How to put mutual exclusive method in dictionary in python?

i am writing a scraper to extract the content of different sites. User inputs an url, my scraper would parse the url and find out which source does it come from (it only supports limited website) and extract the content according to the website's dom structure.

The easiest way looks like this:

extract(soup, url):

  if url in siteA:
    content = soup.find_all('p')[0]
  elif url in siteB:
    content = soup.find_all('p')[3]
  elif url in siteC:
    content = soup.find_all('div', {'id':'ChapterBody'})[0]
  elif url in siteD:
    content = soup.find_all("td", {"class": "content"})[0]

However the code is redundant as there are more sites with different rules coming, so I would like to compact the code and make it easier. Here is the way i tried:

extract(soup, url):

  support = {
            'siteA': soup.find_all('p')[0]
            'siteB': soup.find_all('p')[3]
            'siteC': soup.find_all('div', {'id':'ChapterBody'})[0]
            'siteD': soup.find_all("td", {"class": "content"})[0]
            }

  if url in support:
    content = support[url]

In this way I only need to keeping track of a dictionary rather than keep appending the code. However, each key value pair is being executed when i run the code, and index error is showed because some sites does not have a 'td' or 'div' with id 'chapterbody', so error would be raised when siteC/D in dictionary get executed.

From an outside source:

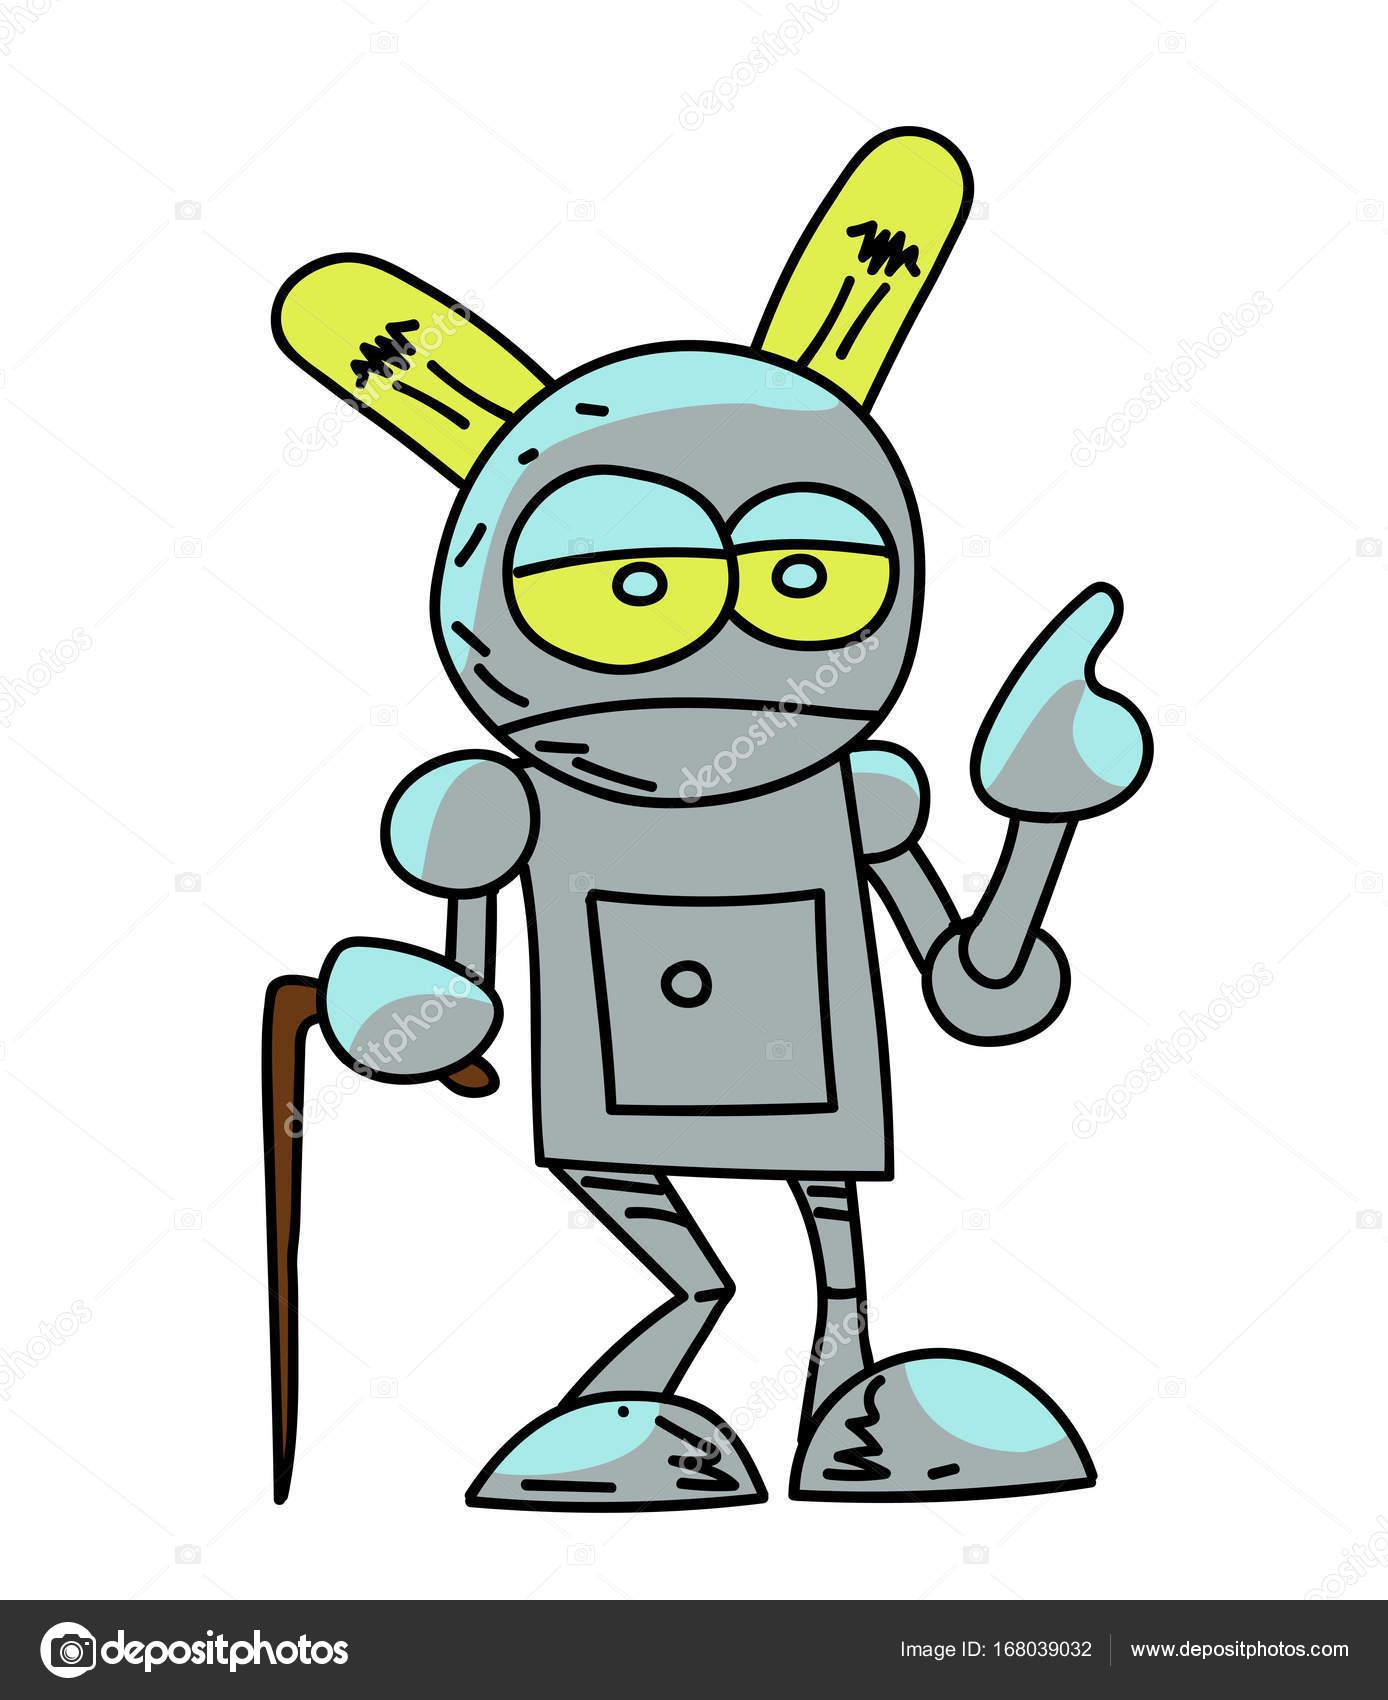 Stary Robot Kresleny Rucne Nakresleny Obrazek Stock Vektor

I am wondering what are some possible ways to solve this issue while keep the code compact?

Solution

  • Convert the dictionary over to a dict of functions:

    support = {
          'siteA': lambda: soup.find_all('p')[0],
          'siteB': lambda: soup.find_all('p')[3],
          'siteC': lambda: soup.find_all('div', {'id':'ChapterBody'})[0],
          'siteD': lambda: soup.find_all("td", {"class": "content"})[0]
          }

    Now they don't execute until you call the function:

    if url in support:
    content = support[url]()

    Alternatively, pulling out the soup.find_all() call and having a dictionary of tuples (param, index) is also an option:

    support = {
          'siteA': (('p'), 0),
          'siteB': (('p'), 3),
          'siteC': (('div', {'id':'ChapterBody'}), 0),
          'siteD': (("td", {"class": "content"}), 0)
          }

if url in support:
    param, index = support[url]
    content = soup.findall(*param)[index]